Screen
Screening can lead to better outcomes
Children who are screened at birth and found to be CMV positive can start antivirals sooner - A crucial component to optimizing function.
Screening FAQ
Congenital CMV screening of an infant is simple and painless. It is accomplished using either a urine or saliva sample. The inside of your baby’s cheek is swabbed when a saliva sample is taken. It is very important that this swabbing be done at least 90 minutes, ideally 120 minutes, after feeding as CMV could be present in breastmilk.
This testing is time-sensitive and the urine or saliva sample must be taken before your baby is 21 days old to be accurate for the detection of congenital CMV infection. The sample may be taken at your medical providers’ office or directly at a lab. Please contact your baby’s doctor as soon as you are told you need this testing to be done. Dried blood spots are still being studied for cCMV testing in newborns after 21 days have elapsed.
If the clinic or hospital is a client of ARUP, they can order the OraCollect OC-100 swabs from ARUP client supplies (item #49295). If they are not ARUP clients, they should contact their reference lab for kit 2 supplies or contact the kit vendor directly (DNA Genotek). If kits for PCR testing on saliva are not available, a PCR for CMV can be sent on a urine sample.
Many insurance companies, including Medicaid, report that this testing is covered. The CPT code for qualitative CMV detection by PCR (via urine or saliva) is 87496, which is considered to be the most sensitive for congenital CMV testing. CPT code 87497 represents quantitative CMV detection by PCR (via urine or saliva) and may be used by Viracor-IBT Laboratories.
cCMV can only be diagnosed by testing a newborn’s urine or saliva within the first 21 days of life. If an infant’s urine or saliva is tested later than that, it will be impossible to determine if the infection was present at birth or acquired later, since CMV is a common virus (CDC, 2020).

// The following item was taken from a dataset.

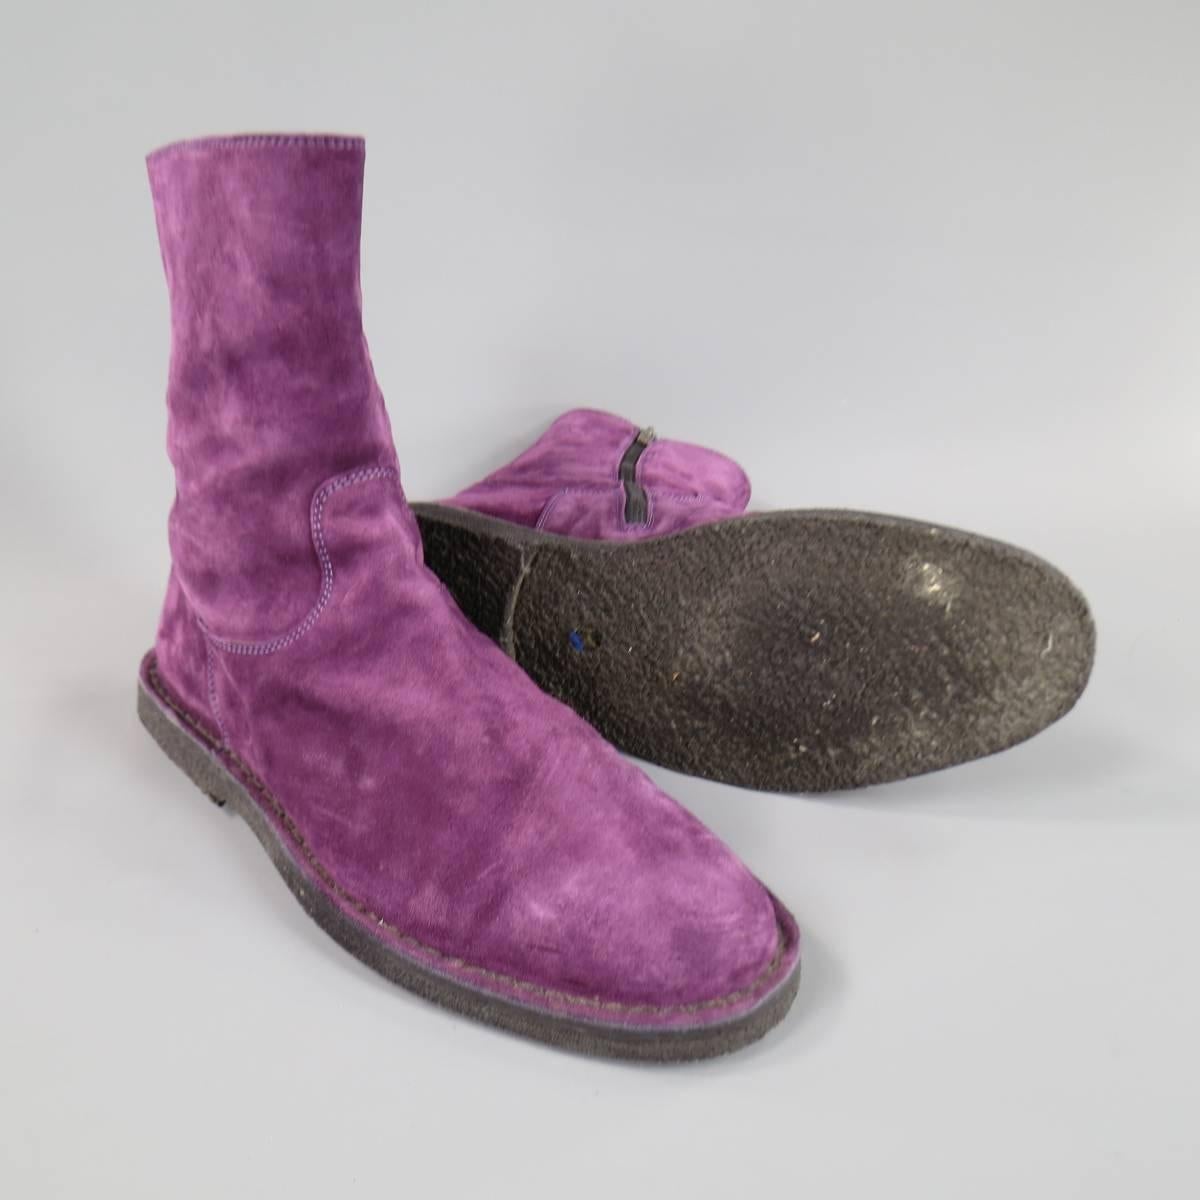 mens purple suede shoes

In Massachusetts, routine newborn screening for congenital diseases is required and occurs immediately after birth. cCMV is more common than many of the 66 conditions screened for in an infant after birth; yet, in Massachusetts, cCMV is not included during this process.
Currently in Massachusetts, there is no statewide policy on cCMV screening. In a few hospitals, infants are screened for cCMV only if they fail the newborn hearing screen. This is called targeted-screening. More than half of MA birthing hospitals have no screening program at all, based on a recent survey.

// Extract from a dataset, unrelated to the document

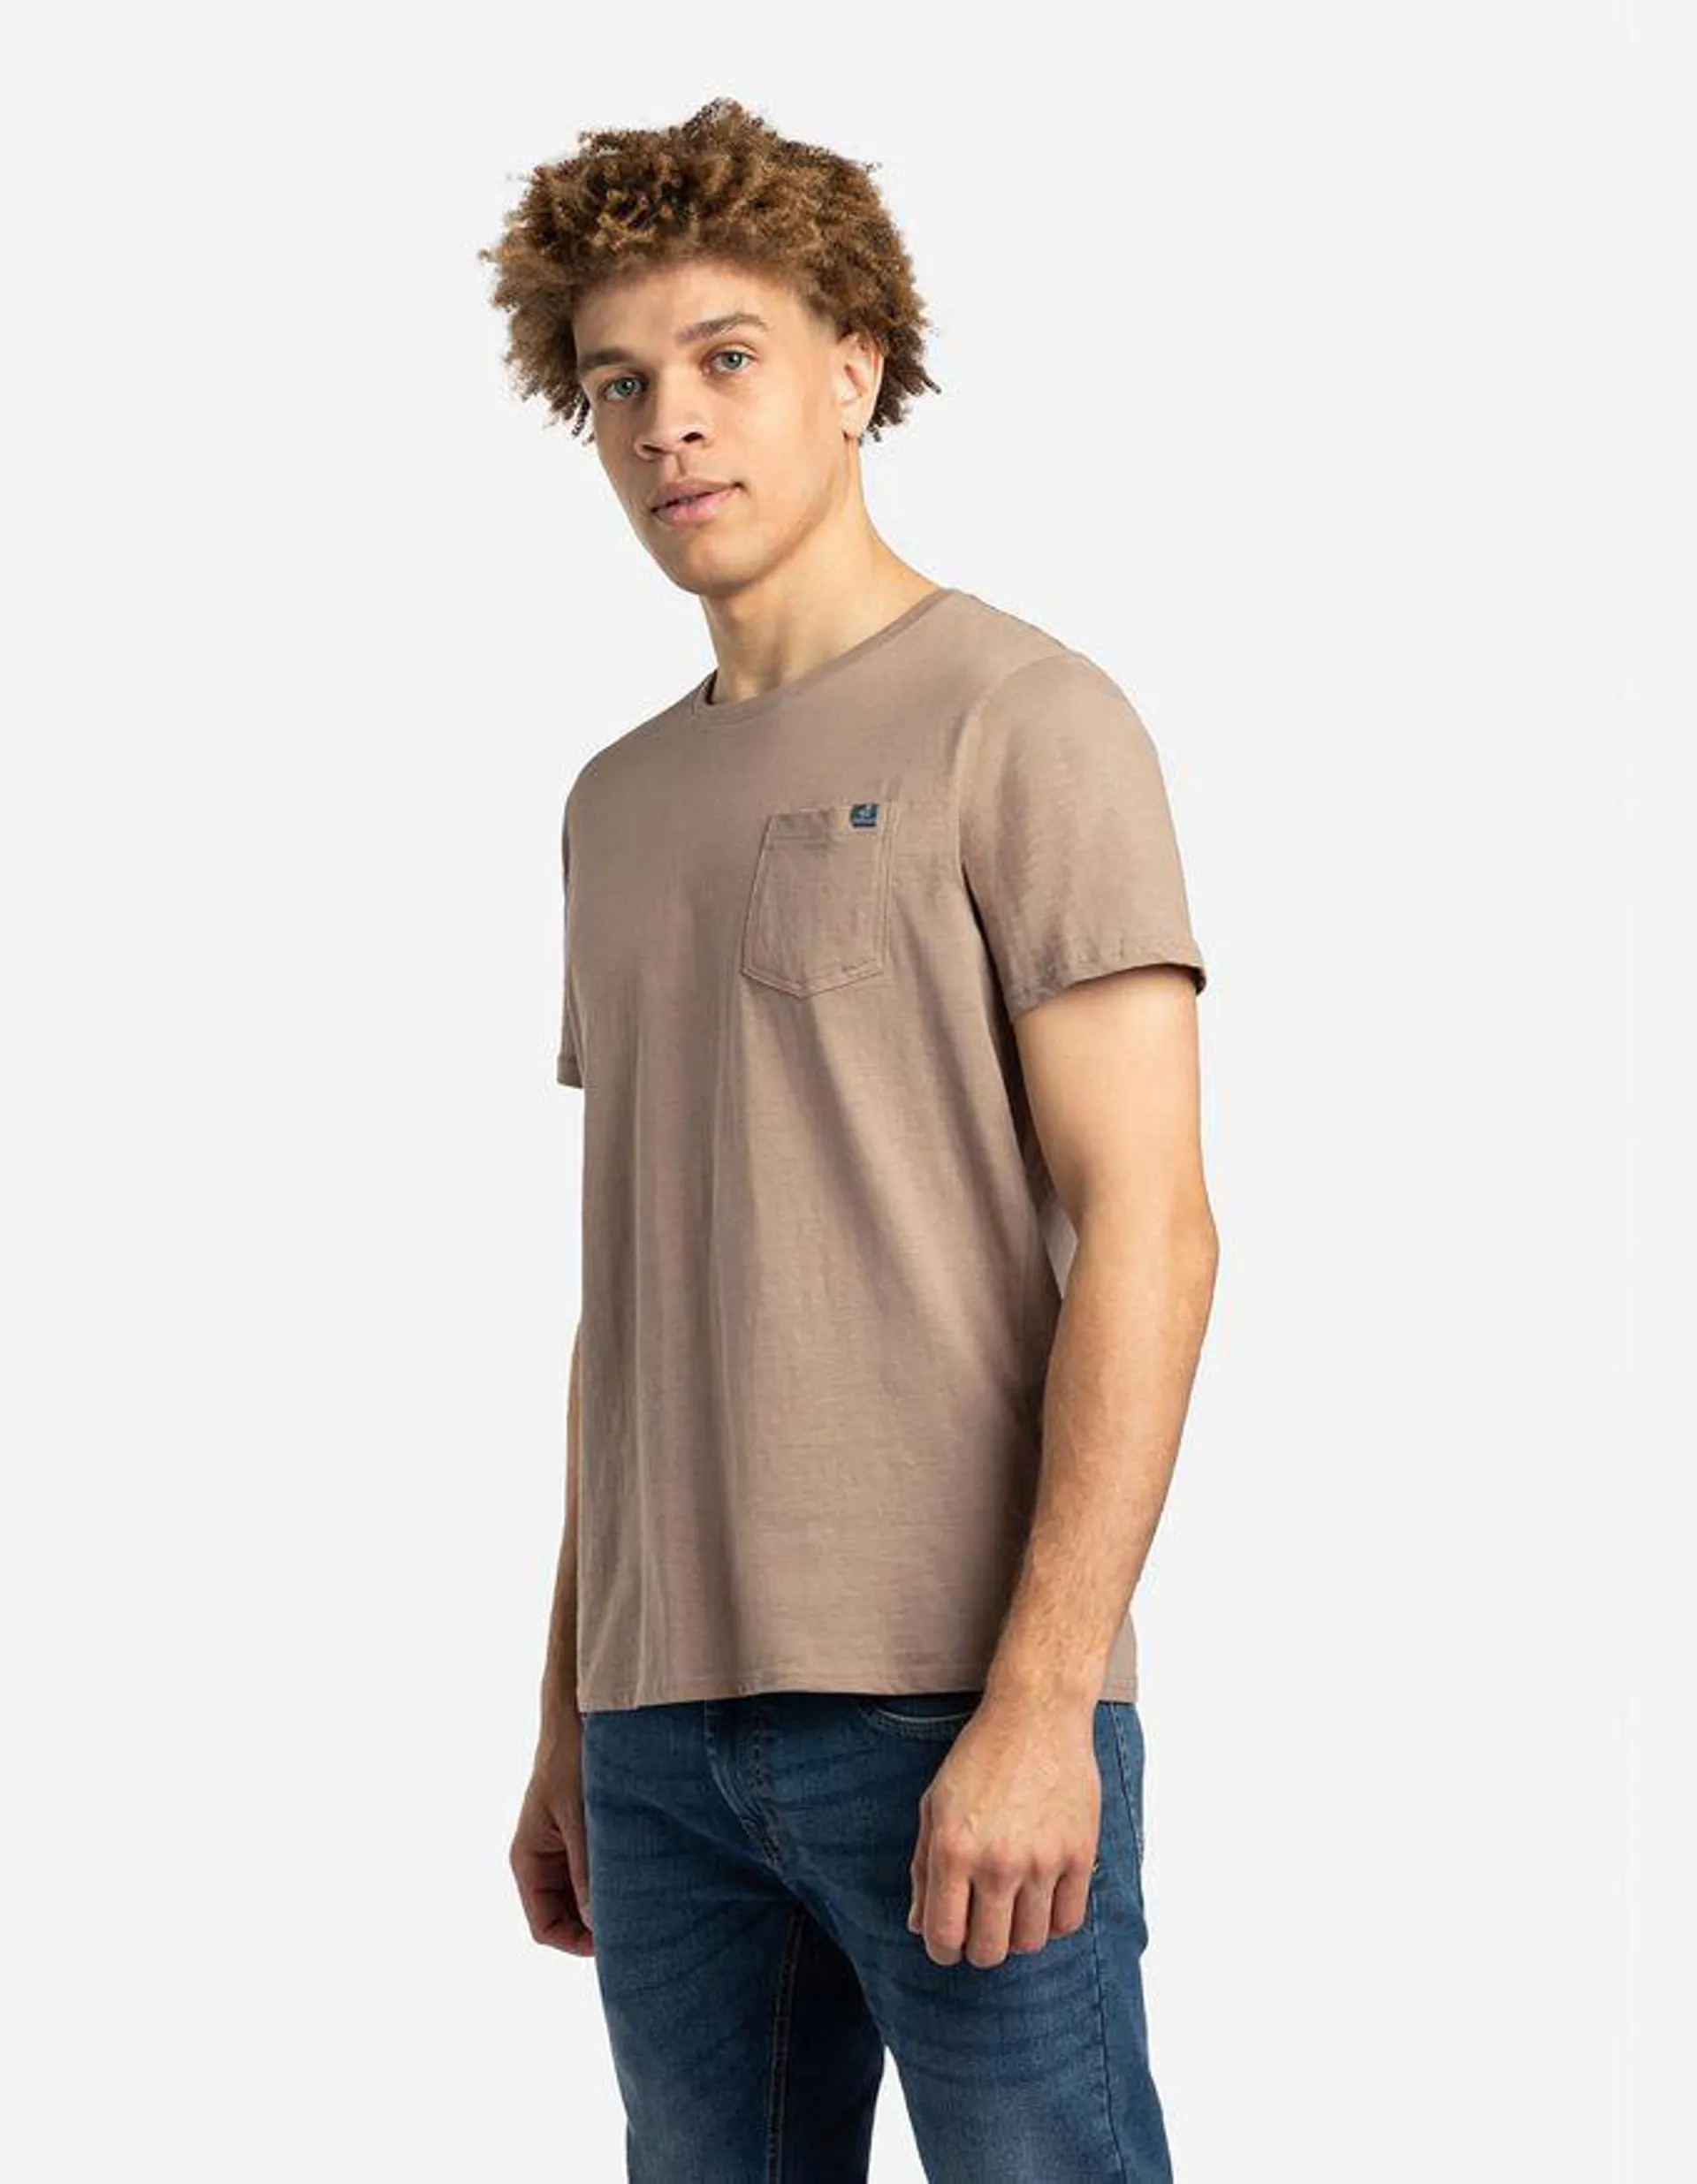 T-shirt - Tasca sul petto - marrone chiaro

No. 87% of infants born with cCMV are asymptomatic at birth. The most common health problem that cCMV causes is progressive hearing loss. In a recent study, 43% of infants with CMV-related sensorineural hearing loss were missed with targeted screening (Fowler et. al., 2017).
Why should newborns be universally screened for cCMV?
- Universal screening of infants for cCMV allows for early detection and intervention, such as the administration of antiviral medications, that have been shown to prevent further progression of hearing loss and additional symptoms (CDC, 2020).
- Universal screening will also reduce the economic burden of the virus on the state.
- The median cost of healthcare for a child with a symptomatic case of cCMV is 25.2 times higher than that of a child without cCMV over the course of the first four years. (Grosse, 2018).
- Universal screening for cCMV yields a 13% reduction in severe to profound cases of hearing loss as a result of cCMV (Gantt, 2016.); thus universal screening will reduce the costs associated with severe hearing loss, such as cochlear implants, which can cost $100,000 per implant.